▸ **EXERCISE DETAILS**: Pictures do not belong in the copy. Write out exactly the lines from the one containing "ARCTE - CARION." through the end of the data.

THE DATA START

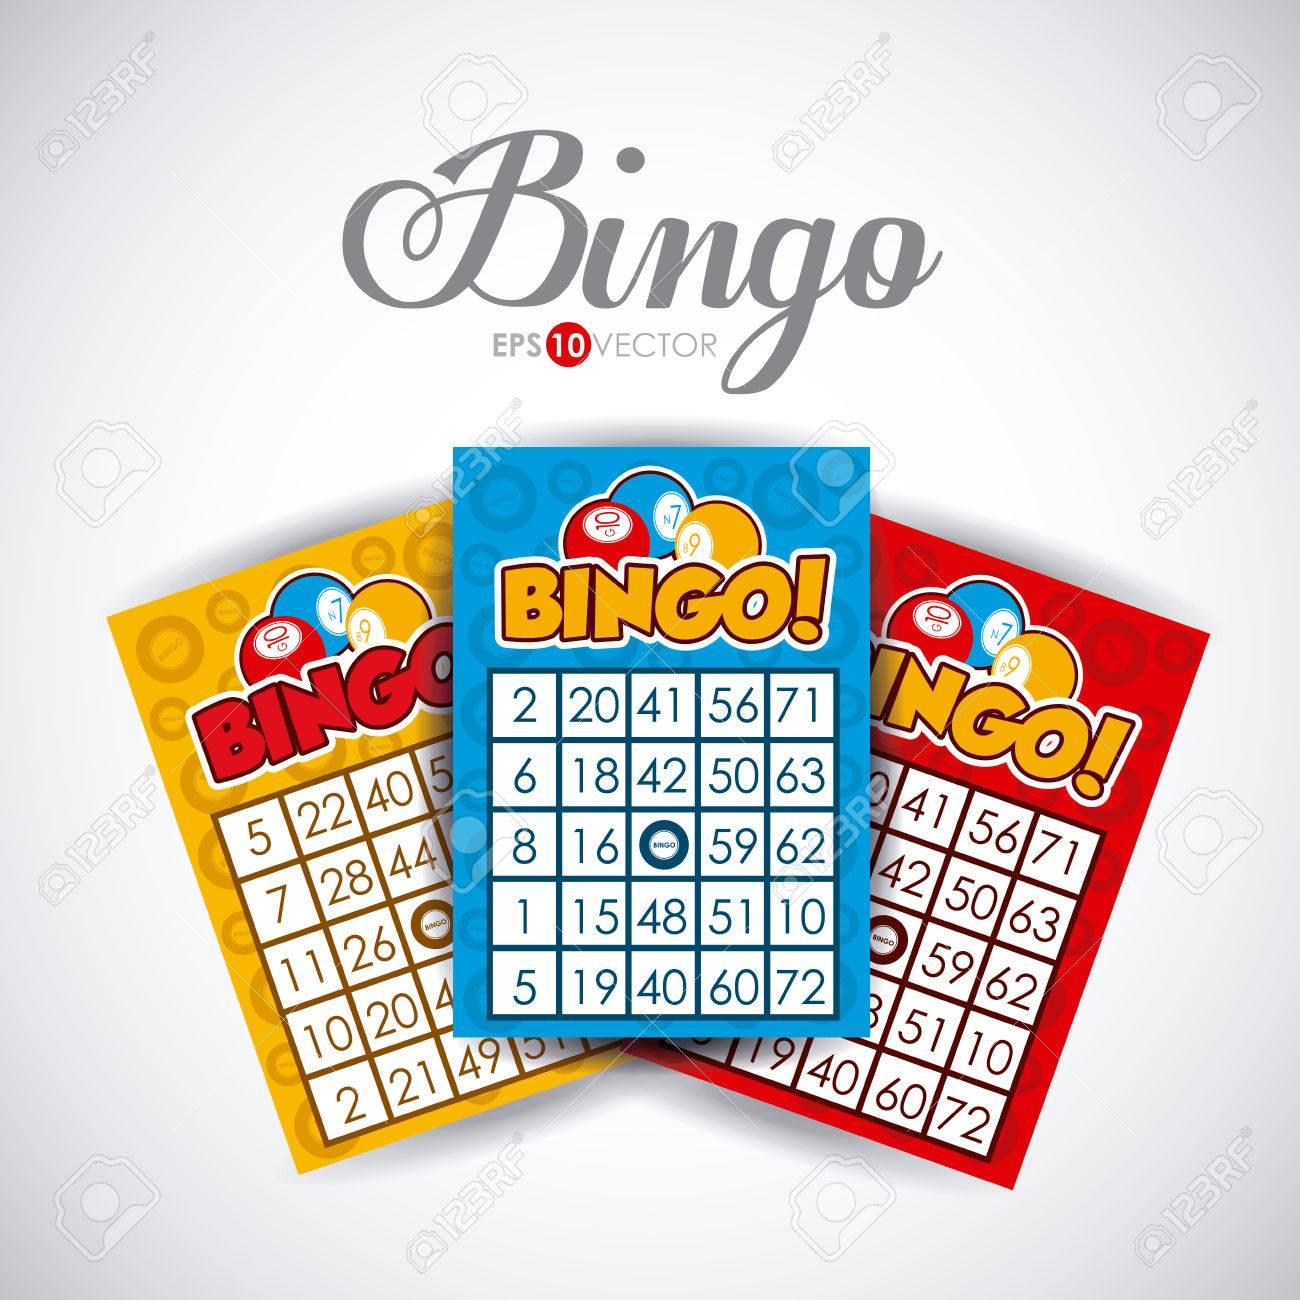 Bingo design over white background, vector illustration. - 36249999
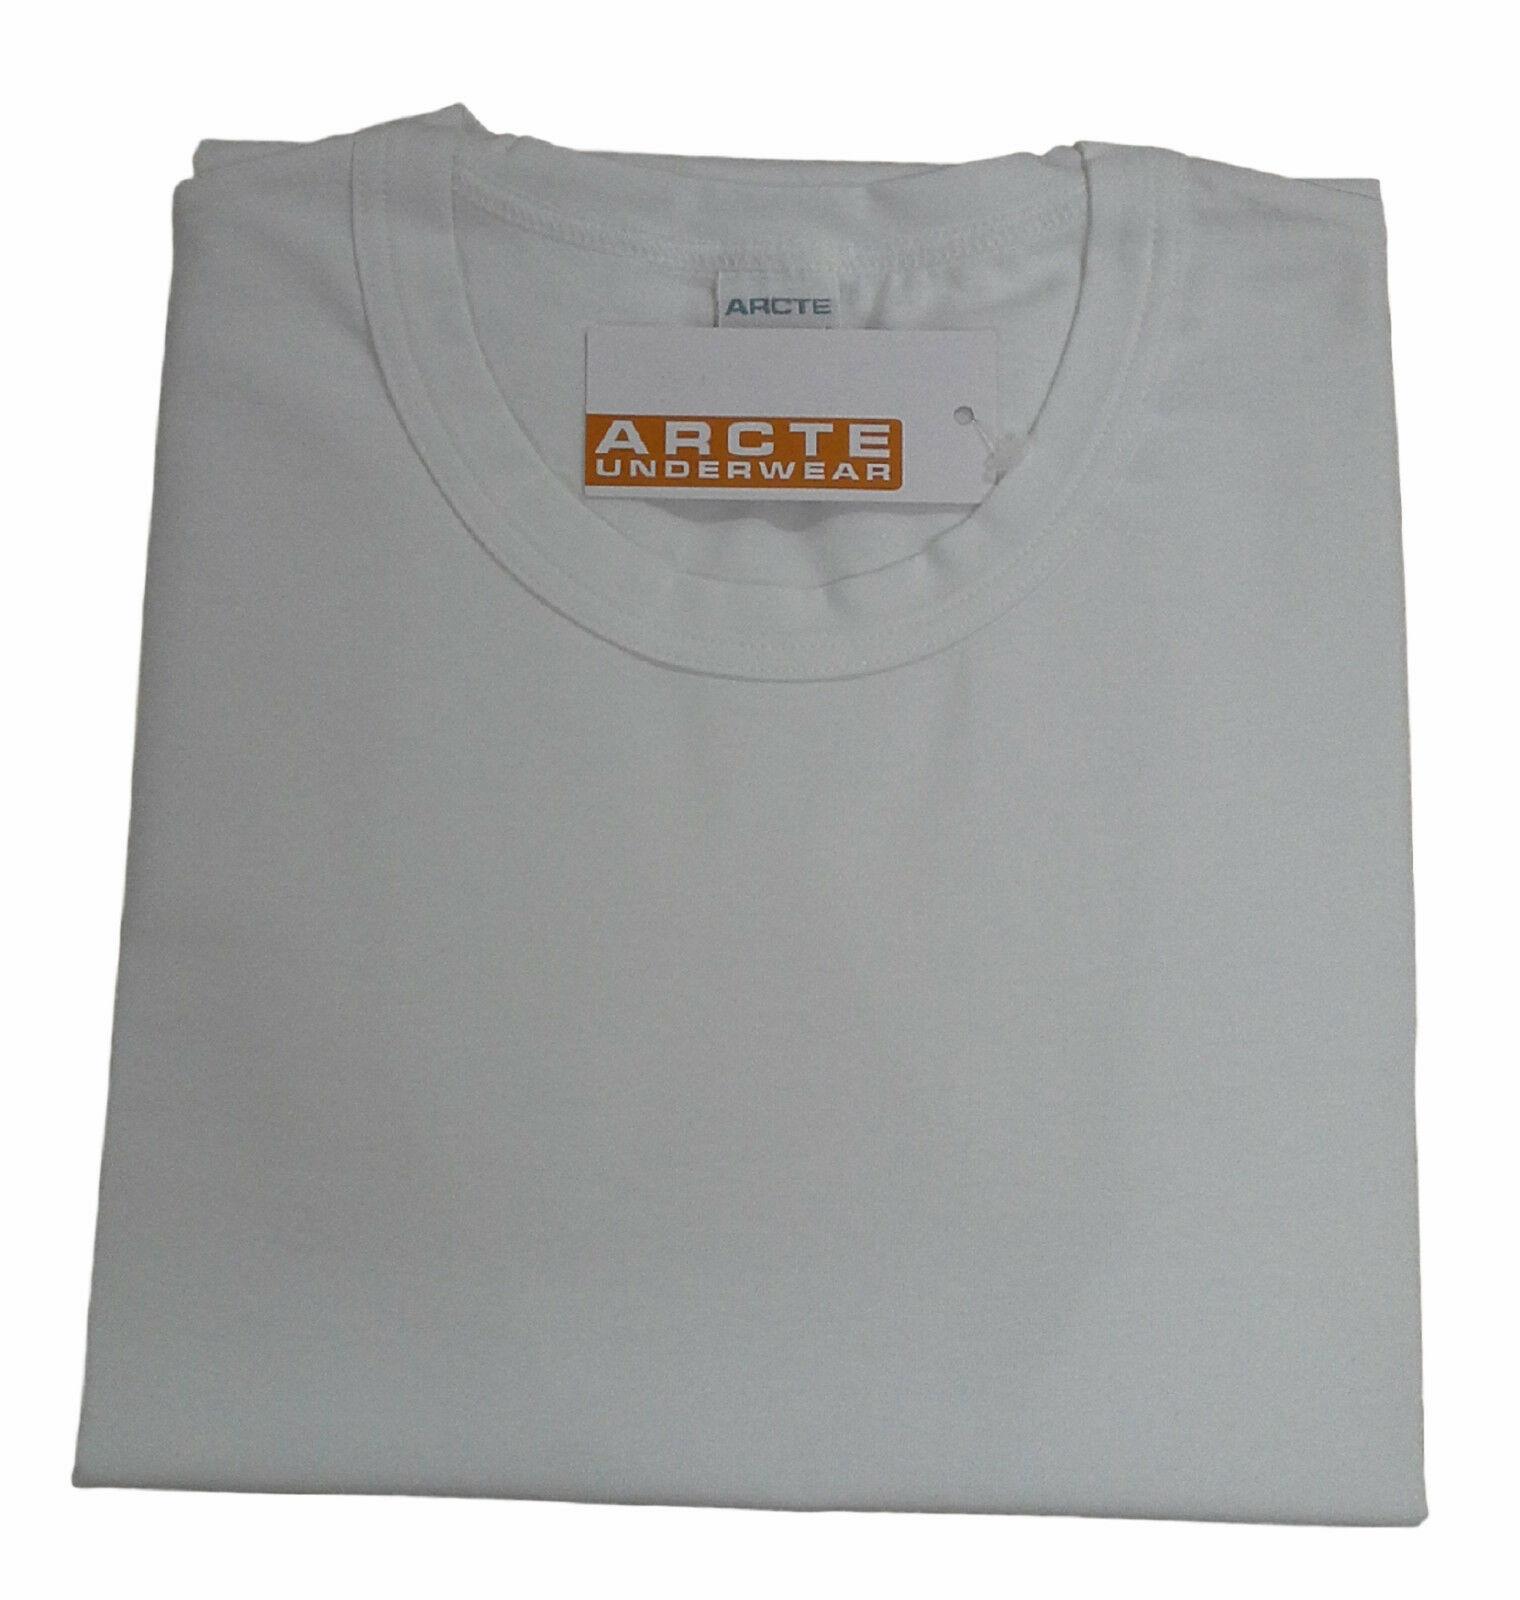 ARCTE - CARION. T-shirt - Mezza manica. Uomo, Intimo. Girocollo. 100% Cotone.
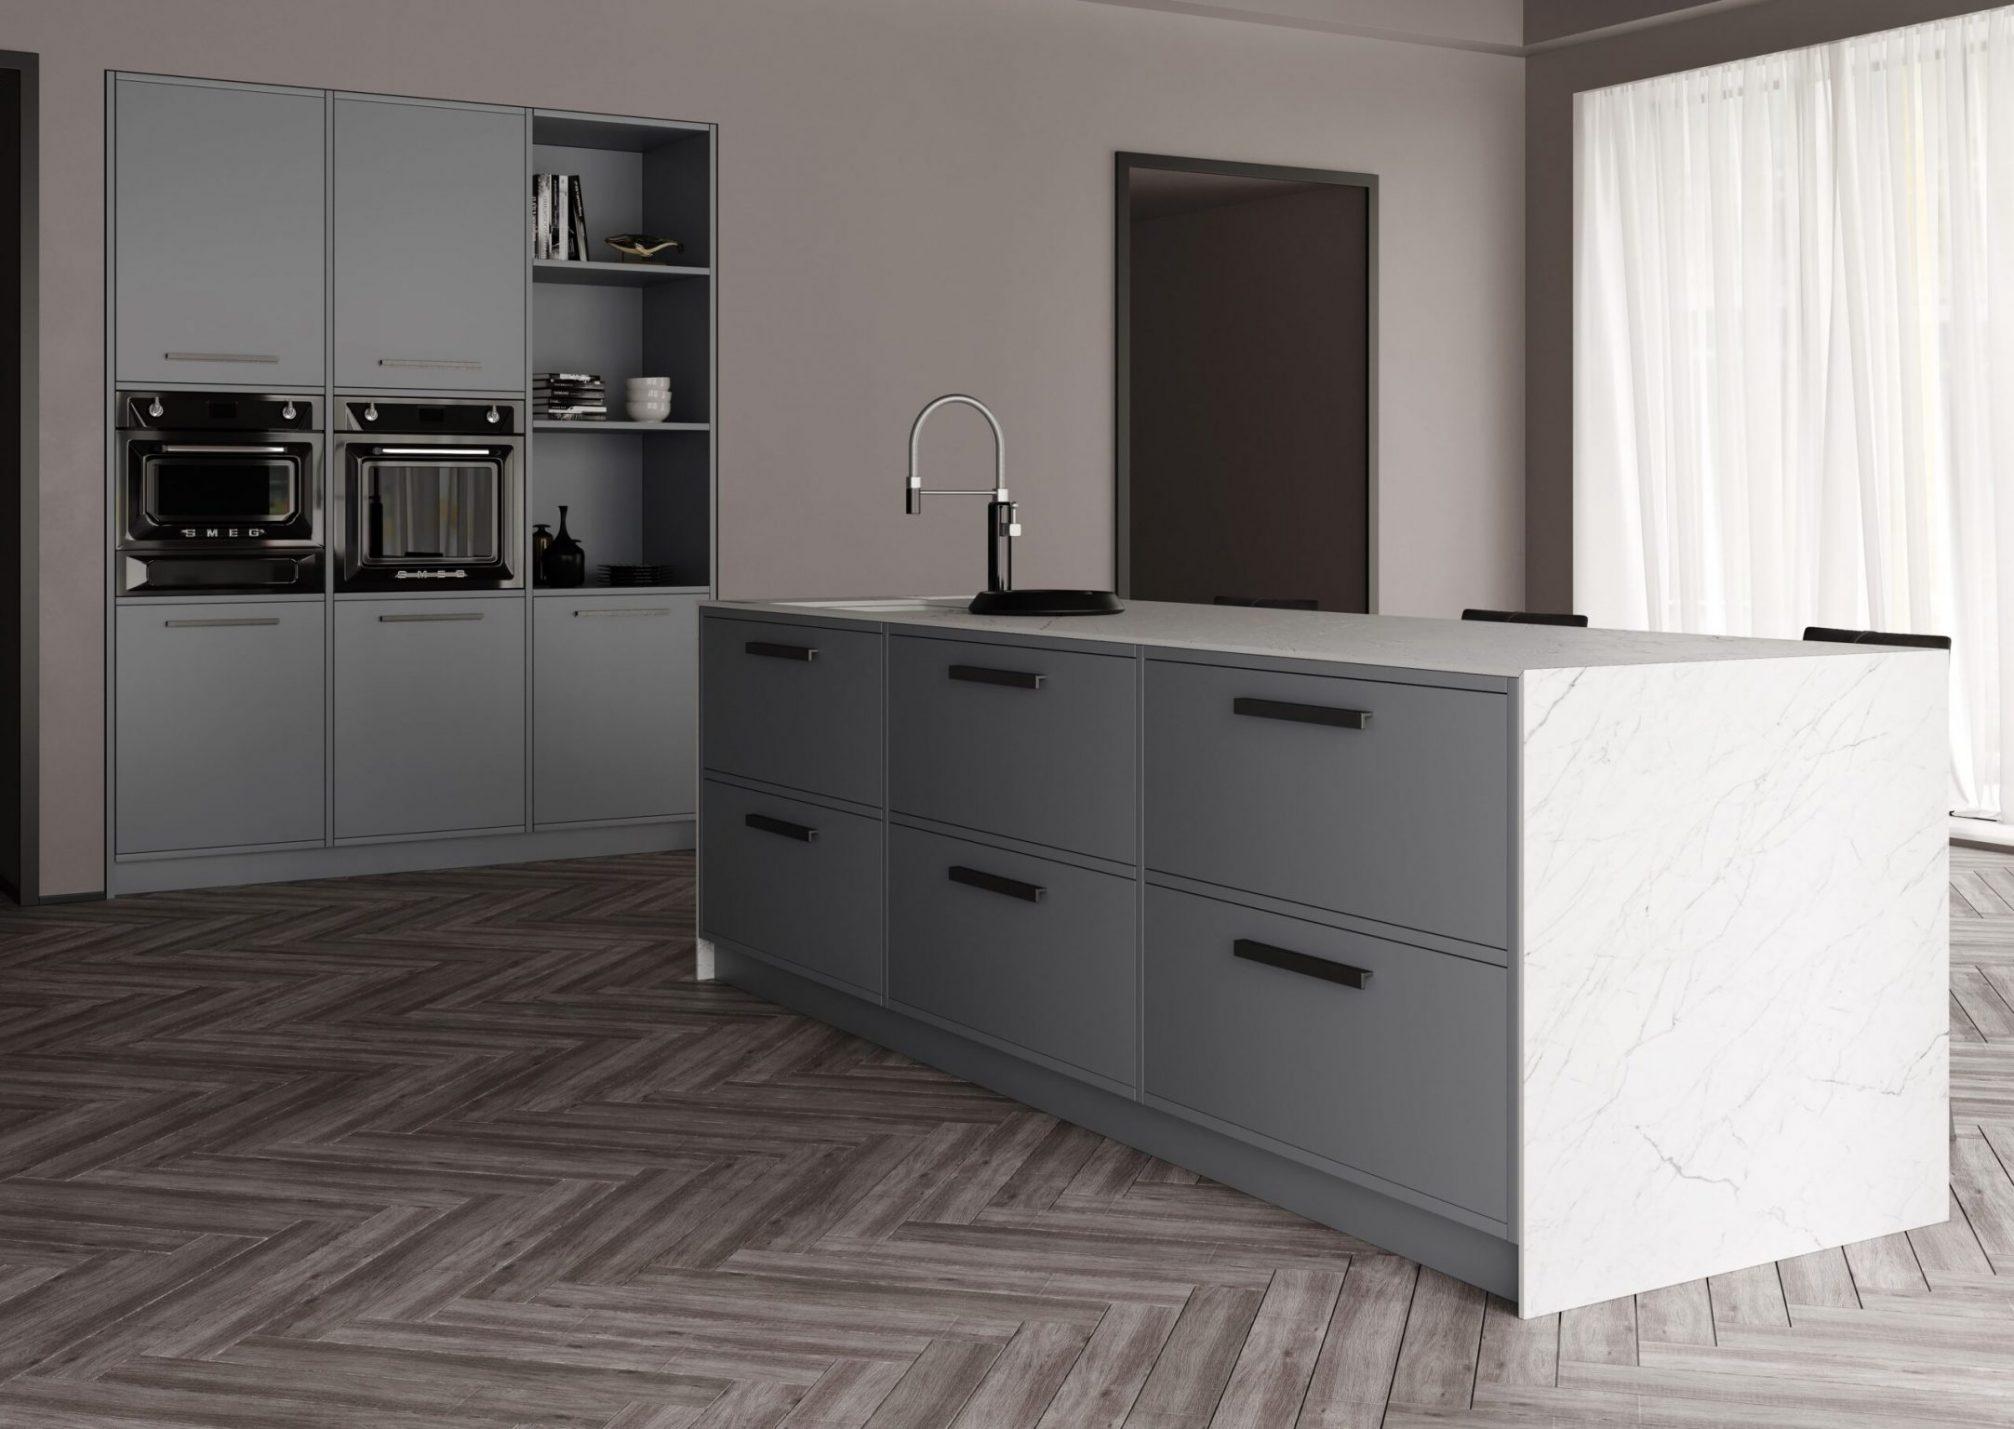 kitchen_studio_hygge_5-scaled
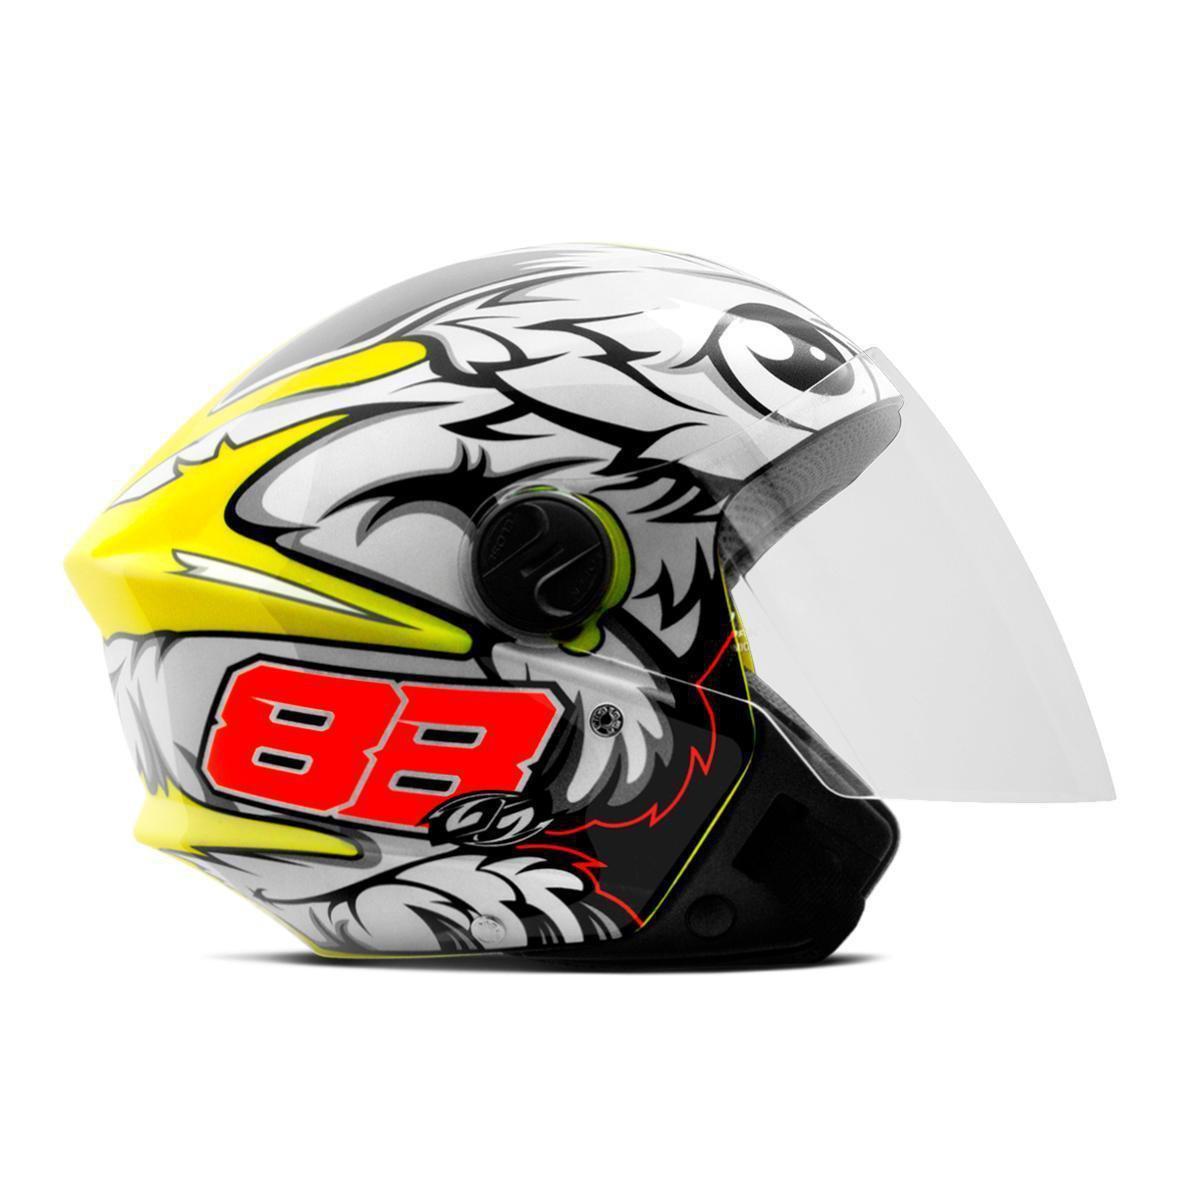 Capacete de moto Pro Tork New Liberty 3 GP 88 (amarelo brilhante)

THE DATA END

▸ **RESULT BELOW**:
 ARCTE - CARION. T-shirt - Mezza manica. Uomo, Intimo. Girocollo. 100% Cotone.
 kitchen_studio_hygge_5-scaled
 Capacete de moto Pro Tork New Liberty 3 GP 88 (amarelo brilhante)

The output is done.